Conforme o documento do procurador, o pedido, autorizado pela presidente do órgão, Joenia Wapichana, ocorre tendo em vista “potencial conflito de interesses e de posicionamento” entre a Funai, a Agência Nacional de Mineração (ANM) e a União.


O GT de Delimitação e Demarcação foi constituído no dia 3 de agosto de 2023 da Terra Indígena Soares/Urucurituba. No dia 9 de agosto, o órgão indigenista recomendou à empresa e ao Ipaam a “suspensão do processo licenciamento ambiental até que fossem concluídos os estudos que subsidiarão manifestação da FUNAI ao órgão licenciador competente”. A recomendação não foi aceita.

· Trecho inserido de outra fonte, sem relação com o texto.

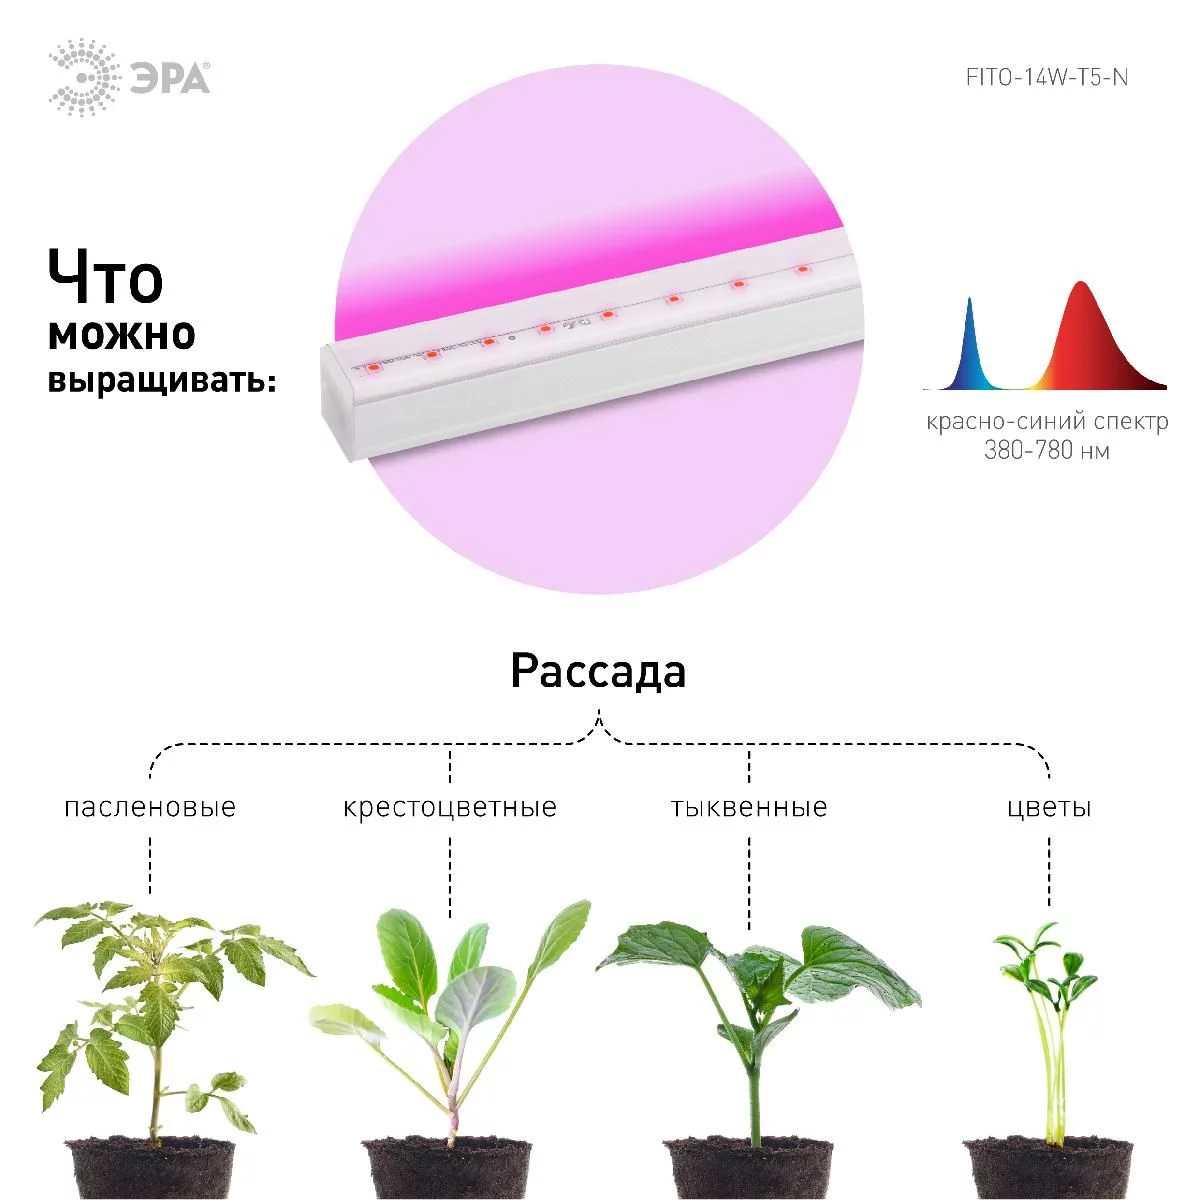 Светильник для растений, фитолампа светодиодная линейная ЭРА FITO-14W-Т5-N красно-синего спектра 14 Вт Т5

Especialistas ouvidos pela Amazônia Real que acompanham o caso dos indígenas Mura afirmam que o passo seguinte ao GT é a criação do Relatório Circunstanciado de Identificação de Delimitação da Terra Indígena e elaboração de mapas territoriais.


Porém, os procedimentos da Funai estão amarrados pela Lei 14.701/2023 (a lei do marco temporal), cujo artigo 9º permite atividades por não indígenas antes de concluído o processo demarcatório, embora não cite explicitamente atividades de exploração de recursos naturais. “A CCAF é um órgão político. E a suspensão do processo pode prejudicar os indígenas. Não traz benefícios para eles”, disse uma jurista ouvida pela reportagem.


Críticas ao governo Lula


Para indígenas ouvidos pela Amazônia Real, as últimas decisões judicial estão sendo utilizadas como pretextos para acelerar as licenças ambientais e realizar um processo apressado do empreendimento.


O professor e liderança Herton Mura, morador da aldeia Santo Antônio, em Careiro da Várzea, avalia que as decisões que permitem a mineração no território indígena são resultado de uma força política que tem apoio no município de Autazes, no governo do Amazonas e no governo federal. Ele critica o governador do Amazonas, Wilson Lima, que defende abertamente a mineração e também o presidente Lula.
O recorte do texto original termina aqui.